Both DOMS and I are pretty well known on this board. Comparing us to Christian Taliban is kind of funny actually. Funny in a you really are retarded kind of way. another few posts like this and people will know not to take anything you say seriously. thats assuming it hasn't happened already.


----------



## DOMS (Jan 27, 2009)

danny81 said:


> Don't be so naive.  If entire America is ruled by these Christian Talibans, then we will be no different the Afghanistan.  Look at the attitute of Dom and Ravi (biochem).  Do you really thing there is joy and peace in their heart?  So far, I have only heard them talking about torturing and killing people.  Also look at the Dom's signature.  Wake up my, friend.

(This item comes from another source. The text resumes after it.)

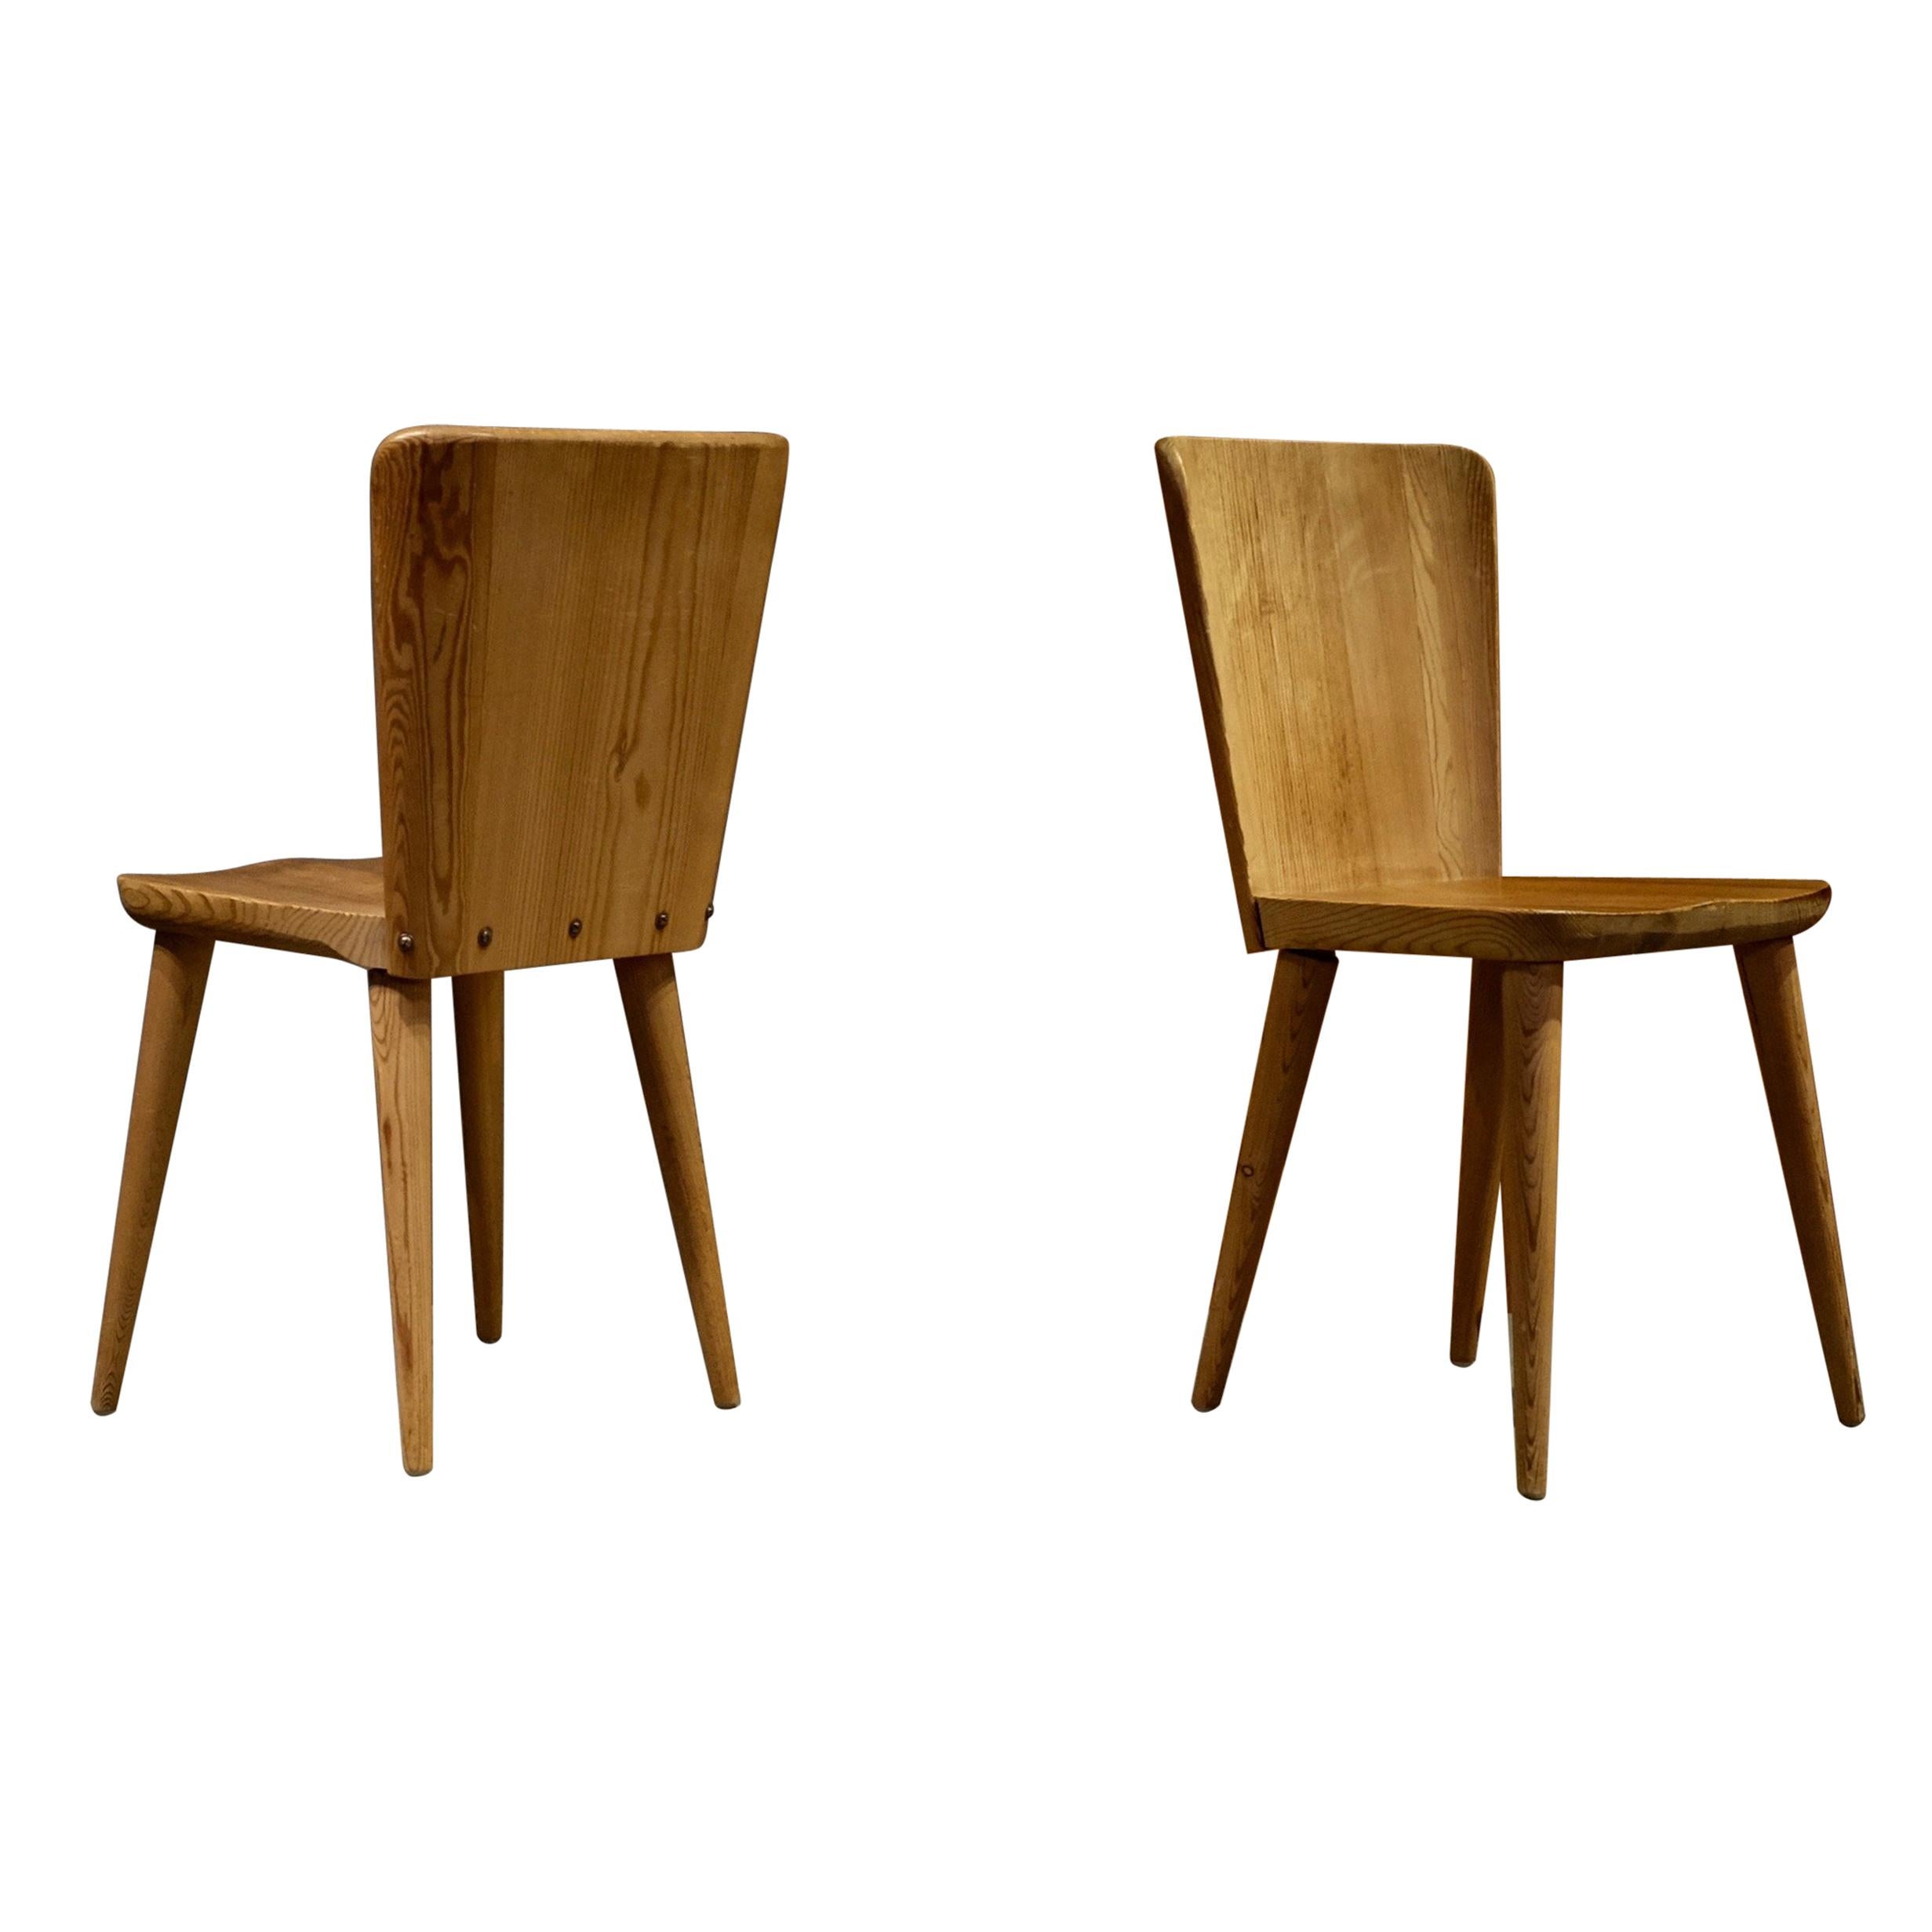 Set of 12 Swedish Pine Chairs by Göran Malmvall, Svensk Fur, 1940s

My signature?  That's from Gore Vidal.  I person a find very humorous.  Look at my location.  Do you really think I like, or want to live, in a van down by the river?  That's a quote from Chris Farely, another very humorous person.

I don't know what third-world country you're from, but I'm willing to be they have the concept of nuance there.  So the problem is all about you, Danny.


----------



## maniclion (Jan 27, 2009)

min0 lee said:


> I was being sarcastic. Anytime religion is brought up there's an argument, so there must be something wrong with it.
> 
> I don't belong to any religion.


There's nothing wrong with religion, it's man that is the problem.  We have waged wars to spread Democracy and to stop the spread of Communism, neither is a religion.  Our problem is our arrogance to think that there can only be one way.  Eventually we will have to learn to solve our differences the way we try to teach our children, or it will all come to an end.....all I ever want is for the religions to extol the positive virtues and leave the petty bickering behind.....


----------



## maxpro2 (Jan 27, 2009)

bio-chem said:


> well I have neither the time nor the inclination to watch a you tube video against Christianity I will say this. When Christ instituted the sacrament he explained it pretty clearly. how could there be confusion on this? if you don't accept it that is fine, but questioning an ordinance of remembrance? doesn't make sense to me



Give it a whirl, it raises some interesting points for a youtube video.


----------



## busyLivin (Jan 27, 2009)

I think Christianity is a good plan.  I whole-heartedly believe in Jesus as the son of God, but if I'm wrong.. what did I lose?  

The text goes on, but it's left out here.